Enjoying a joke. Some of the many German doctors who undertook horrific experiments in concentration camps
The Murder of Gays
Under a German penal law, of 1871, which had made homosexuality a criminal offence, homosexuals were given the choice of sterilisation, castration, or incarceration in a concentration camp where they would be forced to wear a pink triangle (rosa Windel).
Death for a Jest
Police in the Third Reich had absolute power. If they did not like the way a German man cut his hair and considered him an anti-social lay-about, he would be taken into preventive custody. If they thought a German woman changed her lovers too often, she might end up in KZ-Ravensbrück (north of Berlin).
Even telling a joke about Hitler could lead to death. The day before he was due to give a concert, the celebrated Dutch-German pianist KarlRobert Kreitin, remarked to the woman with whom he was lodging: ‘You won’t have to keep Hitler’s picture over your mantle much longer, Germany is losing the war.’
Concert pianist Karlrobert Kreitin who died for telling a joke about German defeat.

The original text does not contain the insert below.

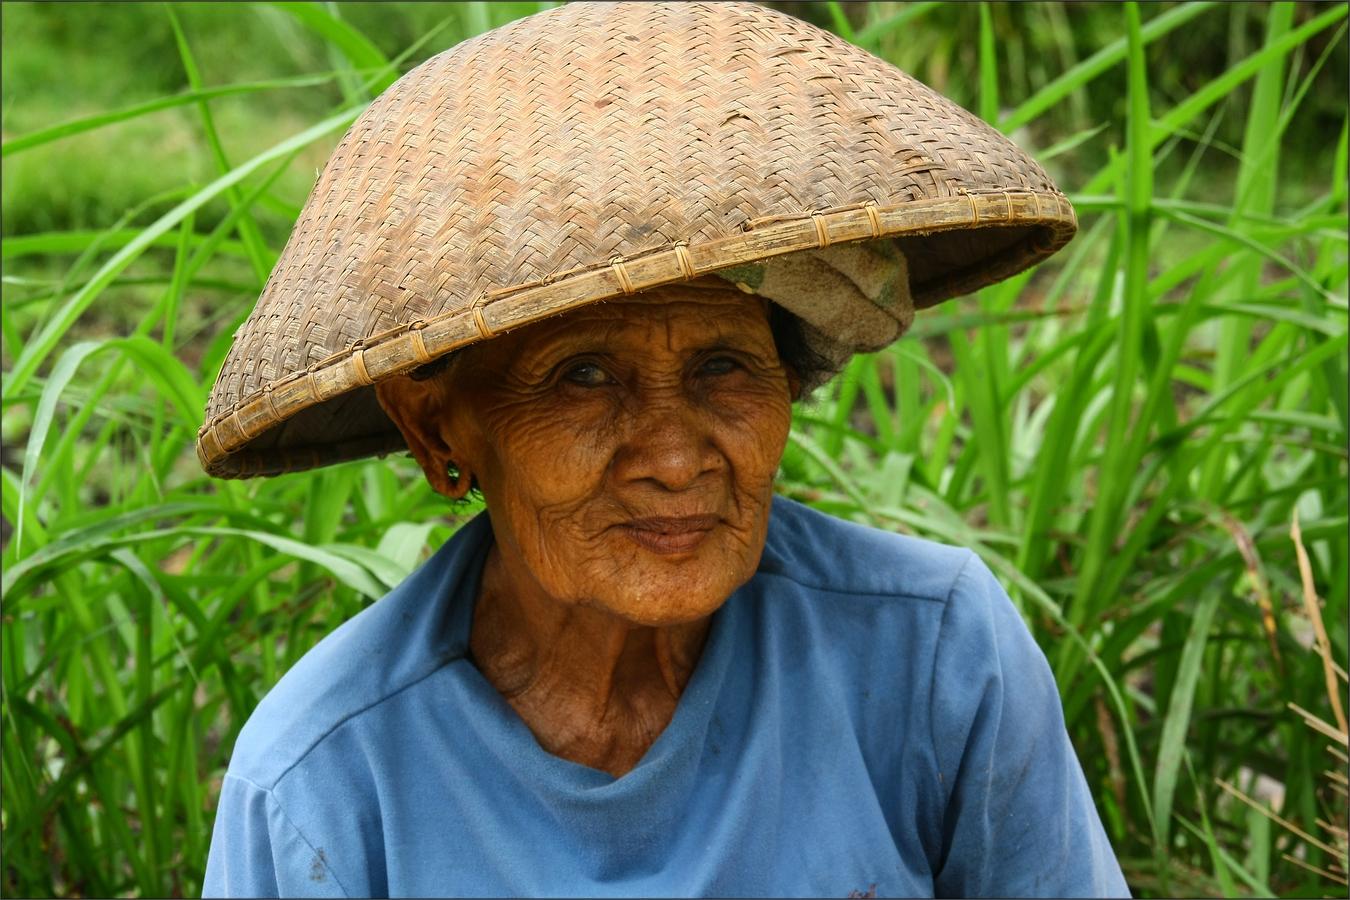 * Balinesische Reisbäuerin *

The woman reported him to Gestapo and on the day of the concert he was arrested and executed. His family only heard about his murder via an anonymous phone call. They were told that Karlrobert had been hanged, together with 185 other inmates, at Plötzensee prison, on September 7 1943.
Plötzensee prison where Kreitin was executed in 1943
See Nothing, Say Nothing, Do Nothing
Most German’s did not want to know too much. Many families were prepared to accept the murder of their closest relatives without protest, even with approval.
As Robert Gellately points out, if f they failed to protest when their next-of-kin were murdered, they could hardly be expected to object to the murder of Jews, Gypsies, Russians and Poles.